Protect and expand early childhood education
The importance of early childhood education cannot be overemphasized. Access to early childhood education is a need in the entire state, but particularly in economically lagging Appalachian and rural areas and low-income urban neighborhoods. Mitch McConnell just doesn’t get it. In fact, he helped craft a budget deal that completely shut down Head Start programs, causing an estimated 1,100 Kentucky children to lose access to early childhood education.54 Study after study has shown that once children fall behind, they rarely catch up. According to The New York Times, “Julia Isaacs, an expert in child policy at the Urban Institute in Washington, finds that more than half of poor 5-year-olds don’t have the math, reading or behavioral skills needed to profitably start kindergarten. If children keep arriving in school with these deficits, no amount of money or teacher evaluations may be enough to improve their lot later in life.”55 Yet, the share of public investment devoted to early childhood education is much lower in the United States than in most other developed countries. In fact, one study shows that the United States “devotes less public spending to either childcare or preschool education than virtually any other advanced democracy.”56 “Other studies, like the Abecedarian Project, show similar results. Children in quality preschool programs are less likely to repeat grades, need special education, or get into future trouble with the law.”57 The lack of focus on early childhood education is outrageous, and I will spare no effort to raise awareness of this issue and work to close the gap between the U.S. and other developed countries.

Invest in infrastructure
The Bert T. Combs Mountain Parkway should be extended as a four-lane highway all the way to Pikeville, and funding and construction might well be expedited if the parkway was designated as part of the interstate highway system, presumably as a spur of Interstate 64. Moreover, Interstate 66 construction should be pursued, particularly in the southern and eastern parts of the state, all the way to the West Virginia line. If that does not happen, there should be widening and extension of the Hal Rogers Parkway. Just last year, Mitch McConnell failed Kentucky by fighting to block the transportation funding bill that would have provided resources to build Kentucky roads and bridges.58 McConnell even went so far as to vote against $200 million in funding for rural infrastructure and development.59

Invest in tourism
As underscored in a recent Kentucky Chamber Foundation report, “Eastern Kentucky is well-positioned for tourism growth.”60 I am committed to advancing public/private partnerships to encourage development of the area while also providing federal funding for infrastructure investments than can support tourism development. The good people of the Kentucky/Cumberland lakes area in Western Kentucky understand the positive economic impact of “destination” tourism. The potential for the same excitement and economic impact exists in the adventure, history and beauty of eastern Kentucky from the Red River Gorge, to “Coal Miner’s Daughter” ground, to the Big Sandy and the Breaks, down Pine Mountain to the Blanton Forest to Cumberland Gap and on over to Big South Fork.
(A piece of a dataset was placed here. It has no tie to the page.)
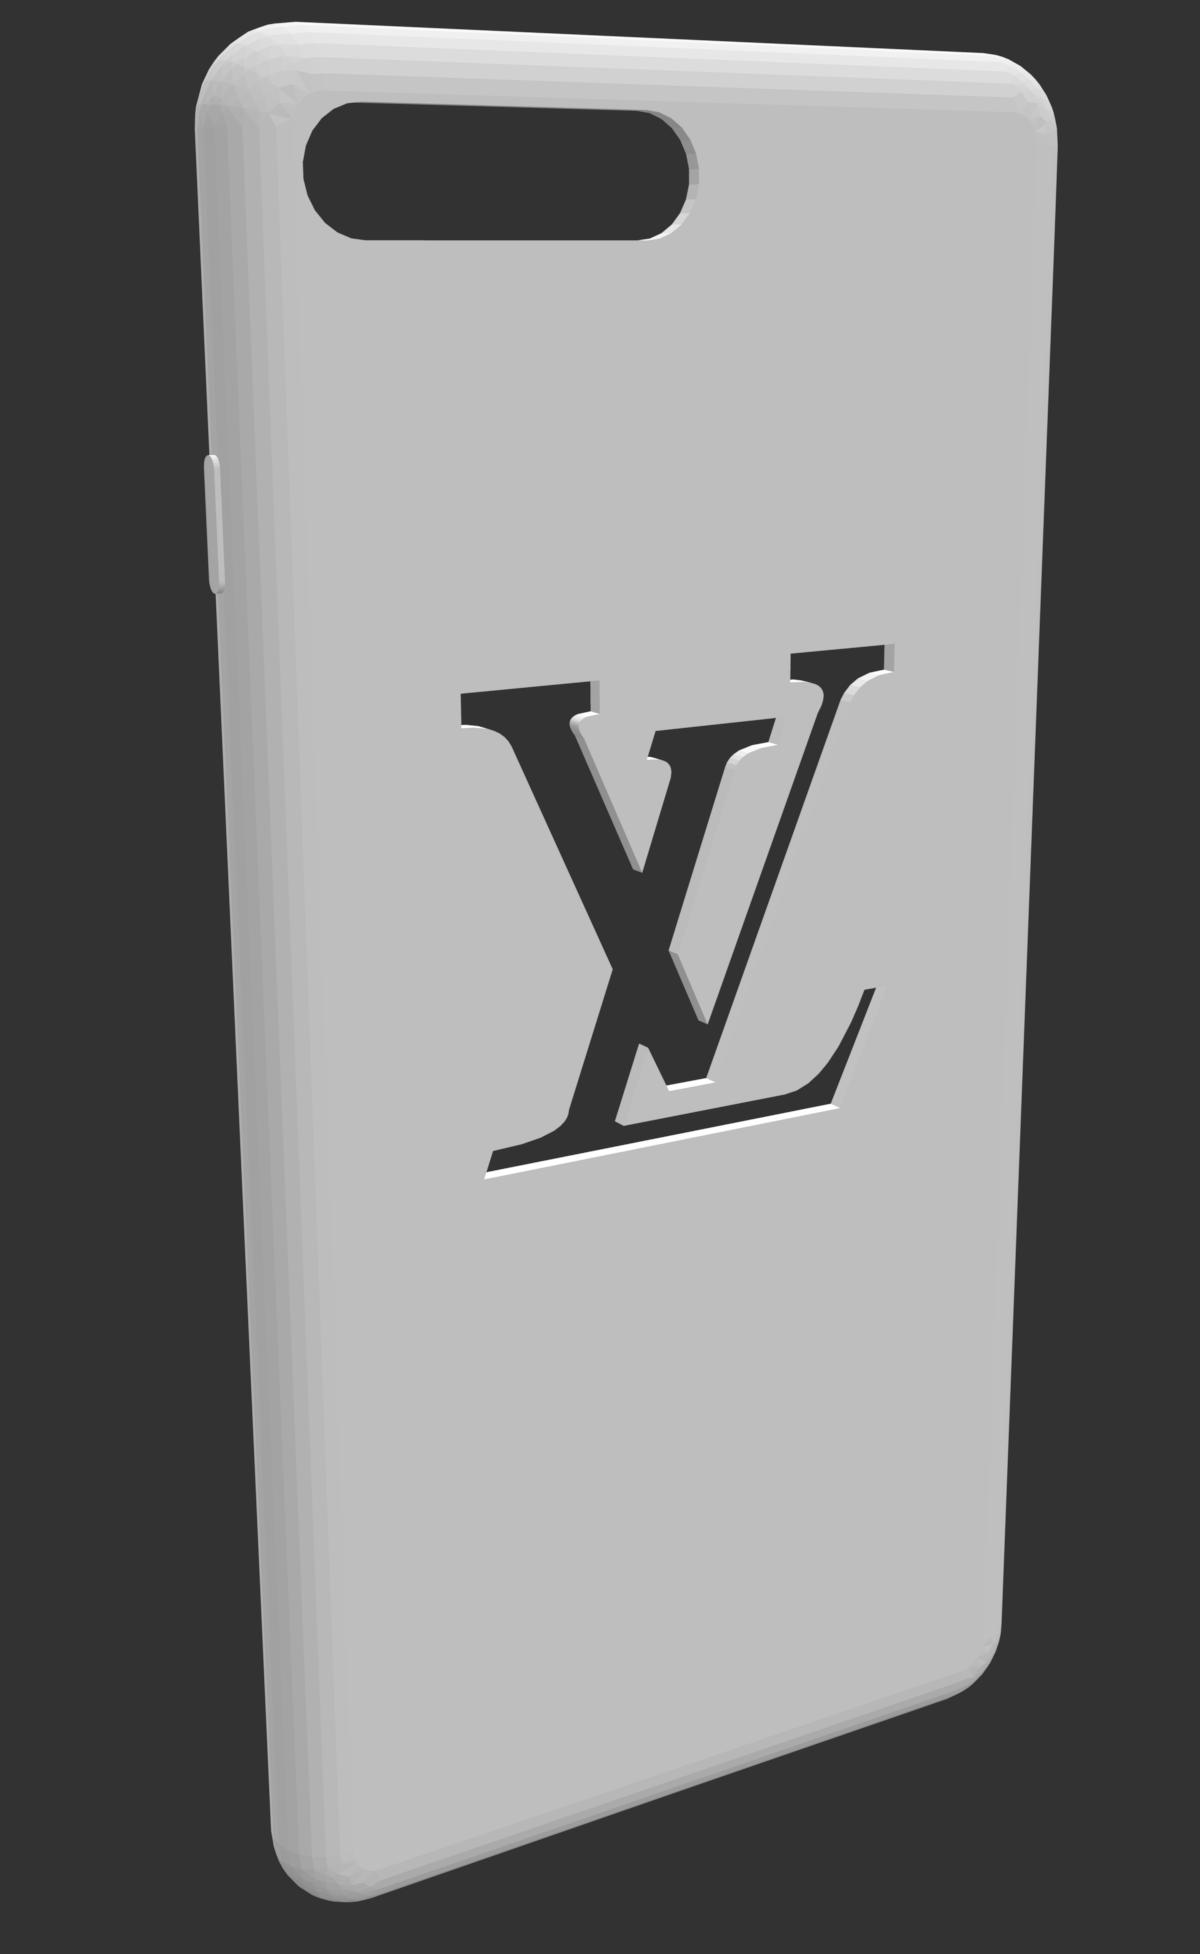 Schermata 2019-12-06 alle 21.42.44.png Télécharger fichier STL gratuit Housse iPhone 7/8 Plus avec logo LV sottration • Design pour imprimante 3D, MiGiranoForte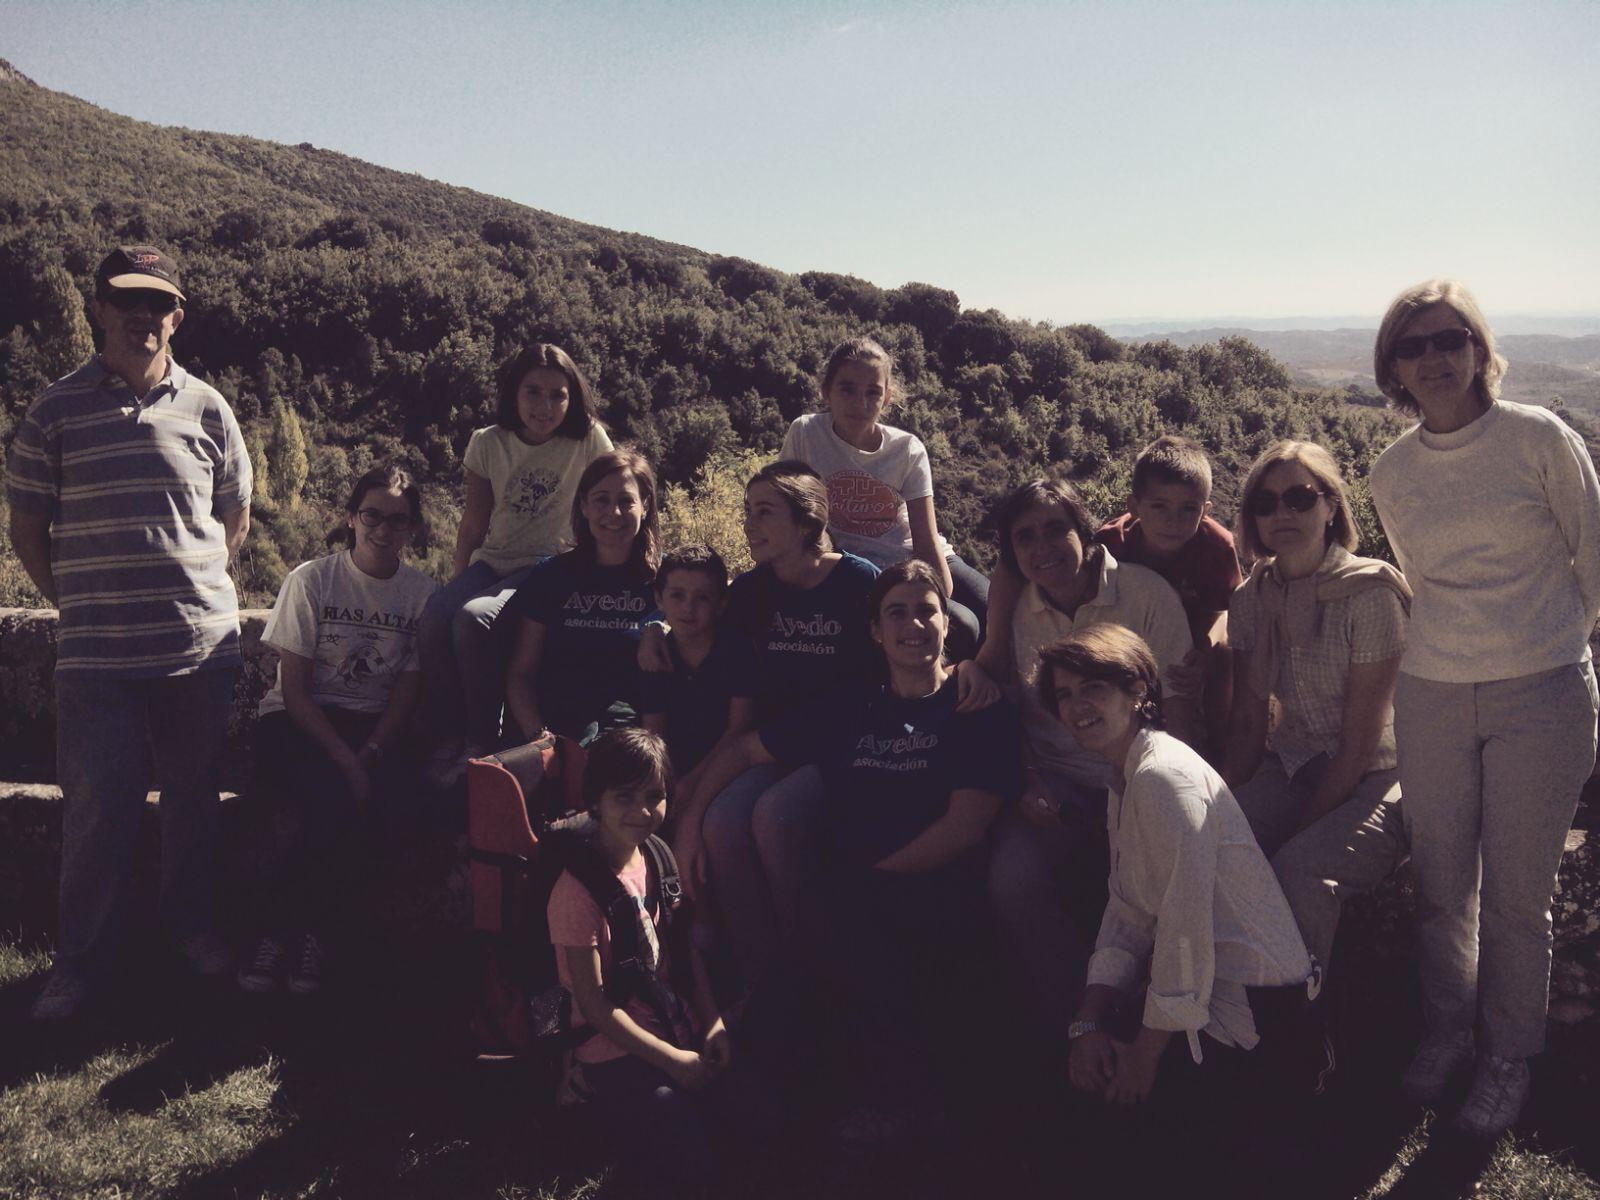 Excursión familiar de Ayedo

Invest in local entrepreneurship laboratories
The mountains and rural districts could benefit from installing entrepreneurial coursework in high schools, designed with the help of successful natives of the region. I propose investing in our high schools in order to seed their students’ ideas. Young people everywhere have a leg up in understanding and applying new technologies and fresh thinking, but they typically lack the capital necessary to put ideas into action. That could be changed with a small infusion of federal and private resources.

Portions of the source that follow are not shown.